These findings highlight the transformative potential of AI in the field of mental health and neurological disorders. AI can be a powerful tool to improve diagnostic accuracy and reduce delays in disease detection, which in turn leads to improved treatment outcomes and reduced costs of care. On the other hand, the challenges ahead are mainly related to data and how they are collected and utilized. The lack of global standards and cultural differences can lead to the non-generalizability of models across different societies. Therefore, the development of diverse and standardized databases and international collaborations are key priorities [72]. In addition, for successful clinical adoption, the transparency and interpretability of models must be increased so that health professionals can trust the results and make treatment decisions based on them. Ethically, protecting patient privacy and ensuring responsible use of data is essential, and comprehensive rules and frameworks are needed. Ultimately, the future of AI in this area can greatly help personalize treatments, predict disease progression, and design targeted interventions; but this requires continued effort in research, technology development, and alignment with ethical and legal regulations [73].
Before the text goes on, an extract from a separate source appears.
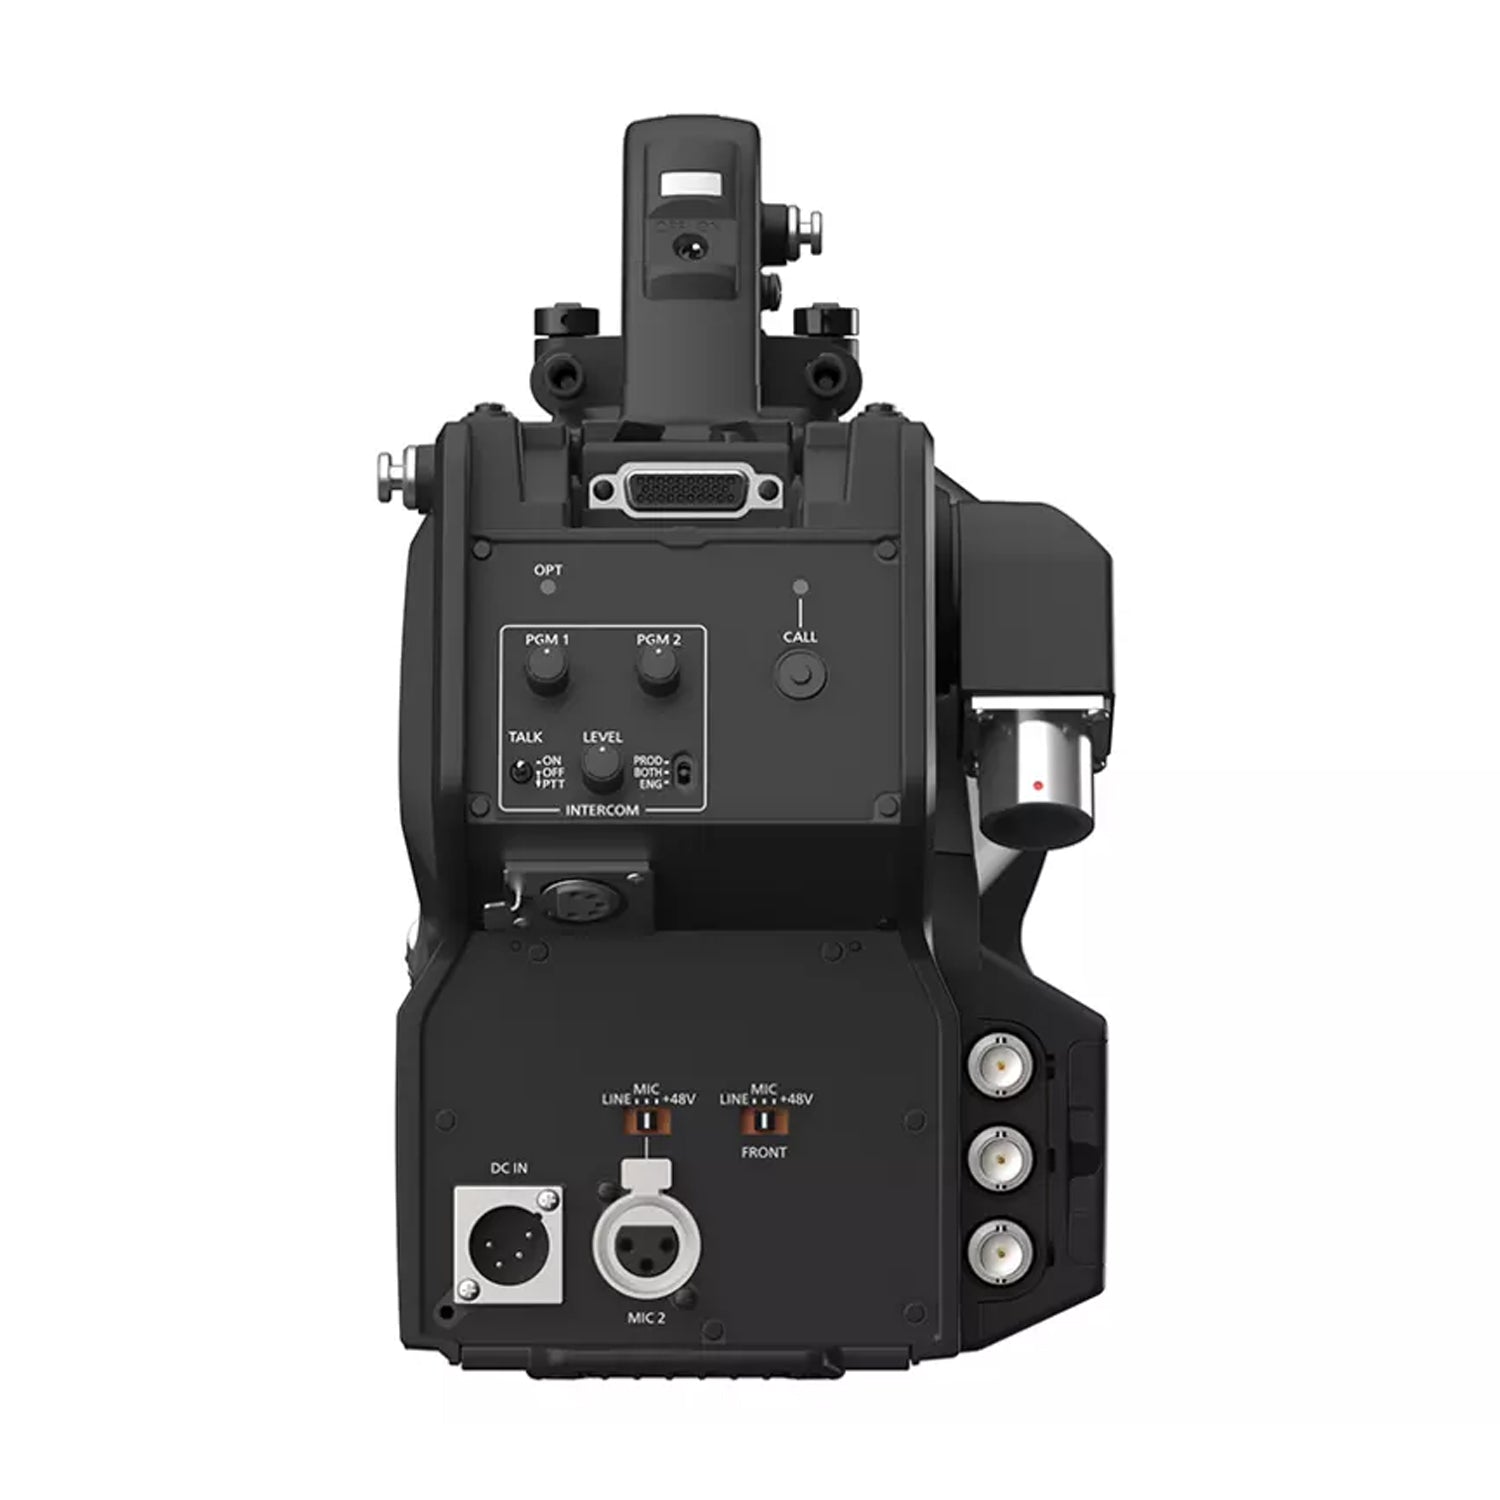 Panasonic AK-PLV100 4K Studio Camera

Analytical insights and methodological challenges
The reviewed studies demonstrate clear differences between unimodal and multimodal artificial intelligence (AI) approaches in diagnosing mental and neurological disorders. Unimodal systems—those relying solely on facial expressions or micro-expressions—showed strong diagnostic performance, typically achieving accuracies between 85 and 95%. However, multimodal frameworks that integrate additional modalities such as EEG, fMRI, or voice features [26, 30, 54] consistently outperformed unimodal models, often exceeding 95% accuracy. This improvement can be attributed to the complementary nature of multimodal data, which allows for a more comprehensive representation of both neural and behavioral patterns associated with psychiatric and neurological conditions.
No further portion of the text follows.